Manly's Joel Thompson is set to take a pay cut to help with the NRL's survival in the midst of the season's suspension due to the coronavirus pandemic.
The RLPA will meet with the NRL in the coming days to discuss the possibility of pay cuts league wide.
Thompson said he would do whatever it takes to help ensure the NRL's survival.
“Money is important for my family but if I must take a cut to save the game then that is just the reality,” Thompson told The Daily Telegraph.
“That is the position the NRL is in and we just have to accept that.
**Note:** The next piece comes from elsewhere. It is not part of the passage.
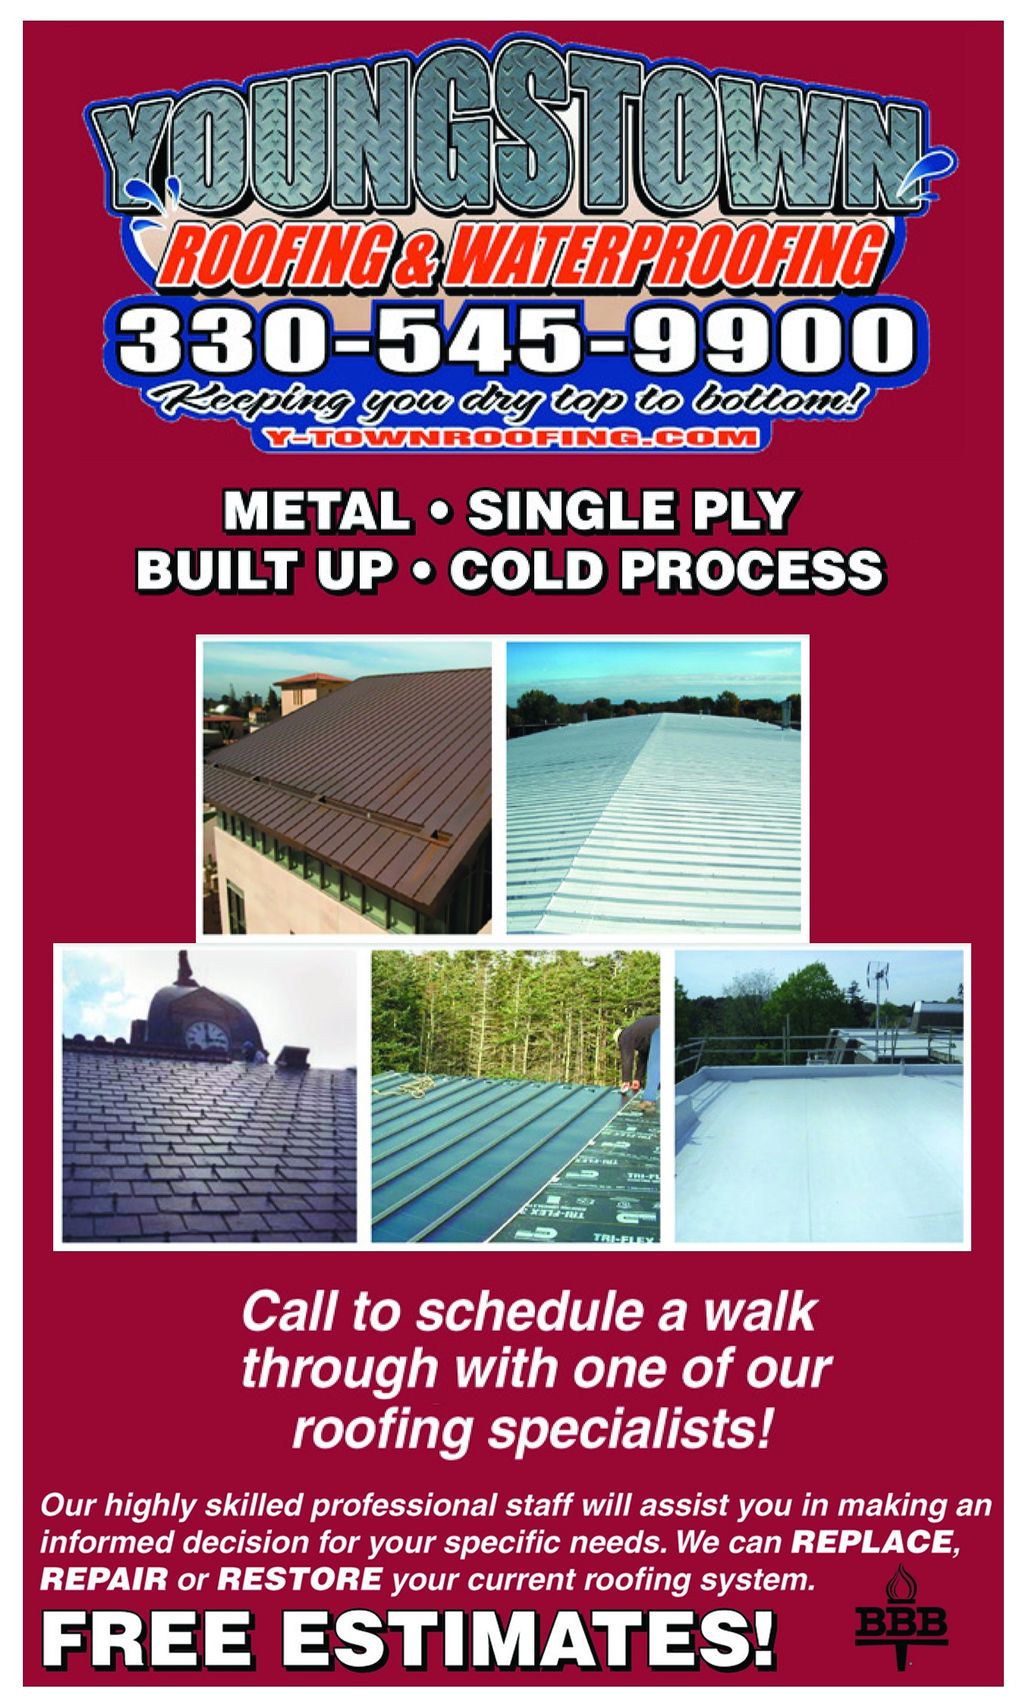 Youngstown Roofing & Waterproofing

It is unfortunate but that is the way it is.
“We want to keep this beautiful game alive, and I know that as players we will do whatever we can to do that.
“I wasn’t raised with money everywhere. I was raised from humble beginnings.
“We all need to work through this together. It is not a time to divide in any way.
“I’ve seen all the clubs uniting on Twitter and offering help and that is what it is all about.
“This (virus) and the impact is not just in league, it is right through the community.
“People are losing their jobs, which is just heartbreaking.”
Aside from football, Thompson devotes a lot of time to his business 'The Mindset Project', where he helps schools and communities with mental health issues.
Due to the coronavirus outbreak, Thompson has had to put a hold on his business because of the face-to-face interaction side of it.
Despite being unable to interact face-to-face, Thompson is still encouraging all to reach out to him to talk about their mental health during this difficult time.
“There are people out there who are really suffering,” he said. “There is going to be a mental battle as well.
“If people need a chat, they can get in contact with me and I can send out some resources to support them.
“I’ve had people reach out to me already, which I want them to. That is what it is all about. We are all here to help each other. We all have to play our part.”
Thompson is also cautious of the virus outbreak and the effects that could happen to all, especially loved ones.
“My nan and a lot of my family have different health issues, so it is a worrying time,” he said.
“I’ve been in contact with them to make sure they are looking after themselves, especially in Aboriginal communities. There are already some health challenges there.
“But we will get through this, especially if we stick together.”